Страница 8 из 11
ИНДОНЕЗИЯ
Случилось это в те времена, когда мы дружили с Индонезией. Мы продавали Индонезии наши устаревшие корабли.
Отряд из трех сторожевиков стоял в порту.
Индонезийцы эти корабли принимали, а наши сдавали.
После сдачи советские экипажи должны были отправиться на горячо любимую родину пассажирскими судами. Корабли были под завязку загружены запасными частями и оборудованием. Шла разгрузка.
Индонезийцы народ мелкий, с ограниченной грузоподъемностью. Тащат четверо индонезийцев, мешая друг другу, один кислородный баллон в три погибели, пыхтят, путаются ногами, наши смотрят, смеются, потом не выдерживают:
— Кузнецов! Покажи им, как надо!
Выходит здоровенный кочегар и показывает: на каждое плечо по баллону и упругим шагом метров за двести до места складирования.
Посмотреть это зрелище сбегаются едва ли не все работники порта.
Потом они окружают смущенного матроса, похлопывают его по плечам, подпрыгивают, чтоб до него достать, потому как достигают ему только до пояса, радуются, как дети, смеются, и восторженно показывают большой палец: «Рус, карашё!» — и нашим похвала приятна, все довольны.
А женщины у них очень миловидны.
Вот этот Кузнецов во время очередного показательного выступления и познакомился с одной молоденькой и очень симпатичной индонезийкой.
Как уж они договаривались — никому неведомо. Кузнецов никаких языков, кроме русского, не знал, а она по-русски знала только «рус, карашё!», но это им не мешало.
Только заканчивается рабочий день в управлении порта, и она уже сидит на кнехте возле наших кораблей, Кузнецов к ней спускается, и они часами о чем-то беседуют, и он ее ладошку из своей лапищи не отпускает.
То есть время идет, роман углубляется, и все ему сочувствуют.
За неделю до отплытия на родину Кузнецов пришел к командиру.
— Товарищ командир! — с трудом подбирал матрос слова, обливаясь потом, — Давайте возьмем ее с собой!!!
Было очевидно, что переноска тяжестей давалась ему гораздо легче, чем эти несколько слов.
— Как ты себе это представляешь? — говорит командир, — Вывезти нелегально иностранку? Давай сделаем так: придем в Союз, уволишься и пробивай через посольство ее приезд. Я со своей стороны помогу. Здесь с послом поговорю.
Говорит все это командир и чувствует, что подчиненный его не слышит.

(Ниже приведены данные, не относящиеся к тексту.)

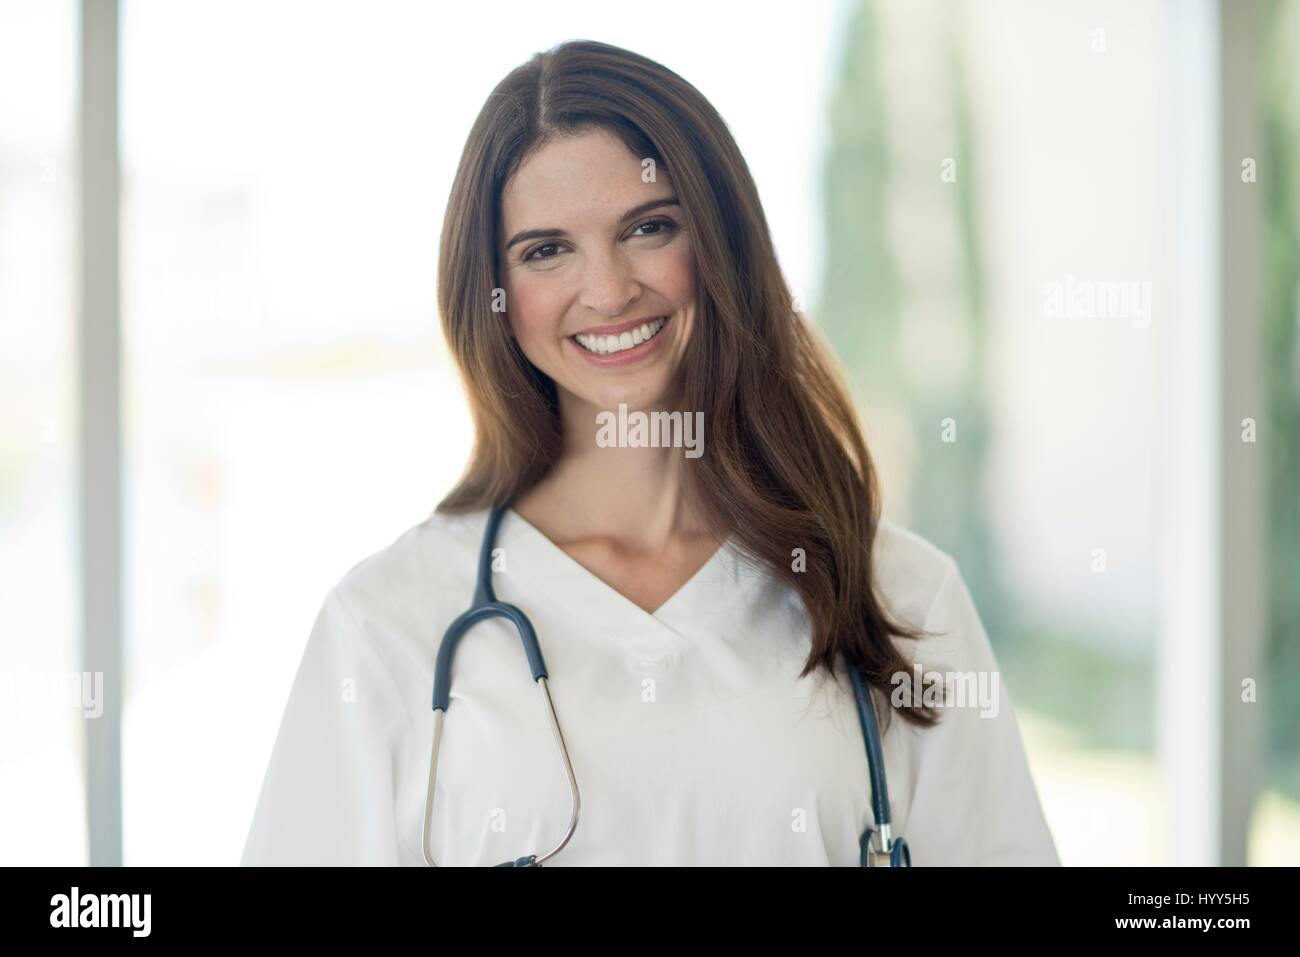 Femme médecin smiling towards camera, portrait. Banque D'Images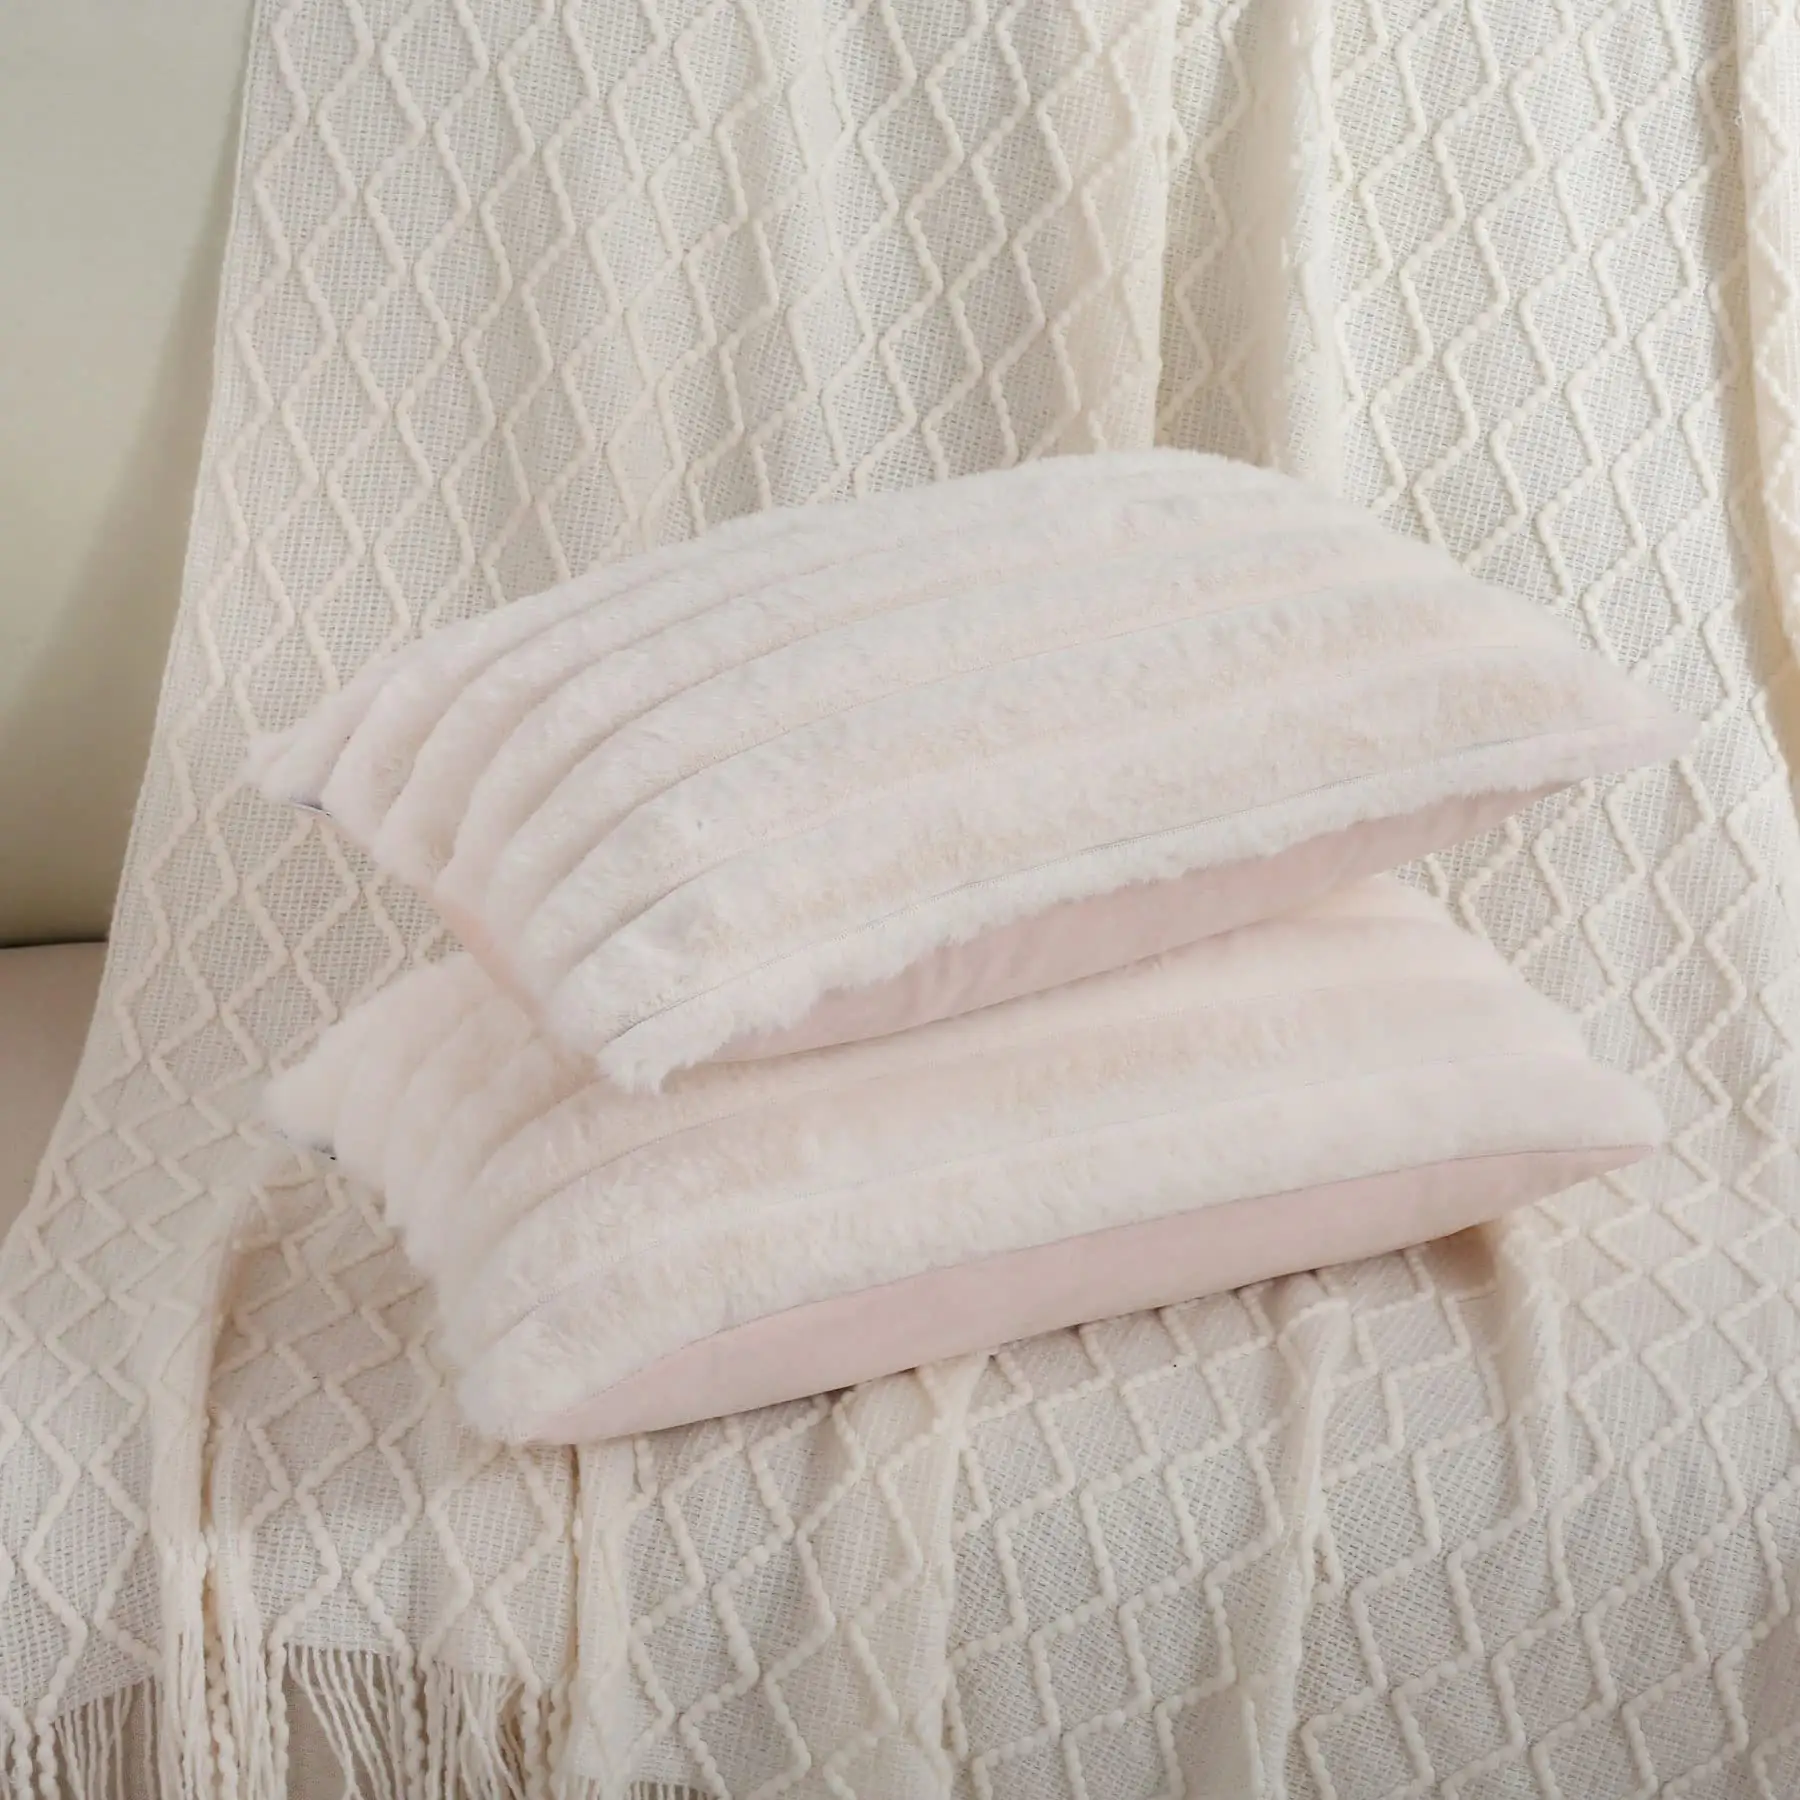 Özel çizgili dekoratif yumuşak rahat Faux tavşan kürk ve kadife yastık kılıfı 30*50cm kare yastık lüks kanepe yastığı kapakları

Говорили они еще долго, и разговор их проходил в узком пространстве фраз: «Давайте возьмем, товарищ командир!» и «Ты сам пойми: это невозможно!»
Через день к командиру уже явилась делегация от экипажа и комсомольской организации. Только теперь, для разнообразия, предлагали оставить в Индонезии Кузнецова, мол, забыли человека, вот!
Еще через день пришла сама девушка вместе с переводчиком, выслушала доводы командира и ушла.
Командир выпил стакан спирта, занюхал рукавом и подумал: «Вот так и сопьешься! До чего подлая жизнь! Двое хотят быть вместе. Что в этом плохого?»
Как только погрузились на корабль, командир лично запер Кузнецова в своей каюте и выставил перед дверьми вахту из четырех крепких матросов.
Девушка стояла на причале.
Чтобы выйти в море, пароход должен пройти по каналу около трех километров.
Пароход тронулся, девушка побежала.
Она бежала до самого моря, и пока берег не скрылся из виду, командир видел на нем девичий силуэт, или ему, может, только казалось, что он его видел.
Командир выполнил свое обещание.
Экипаж скинулся на билет Кузнецову, и вскоре матросы запросились в увольнение встречать индонезийскую гостью.
Эту историю Кузанов нам рассказал на практике, во время перехода на учебном корабле «Гангут» по маршруту: Севастополь-Куба-Кронштадт.
Из Кронштадта в Ленинград нас переправляли буксирами.
В Ленинграде на пирсе нас встречали двое. Он — высокий, с густой проседью, и она — миниатюрная, миловидная женщина с раскосыми глазами и нездешними чертами лица.
У них в руках был букет роз. Они сразу же подошли к Кузанову.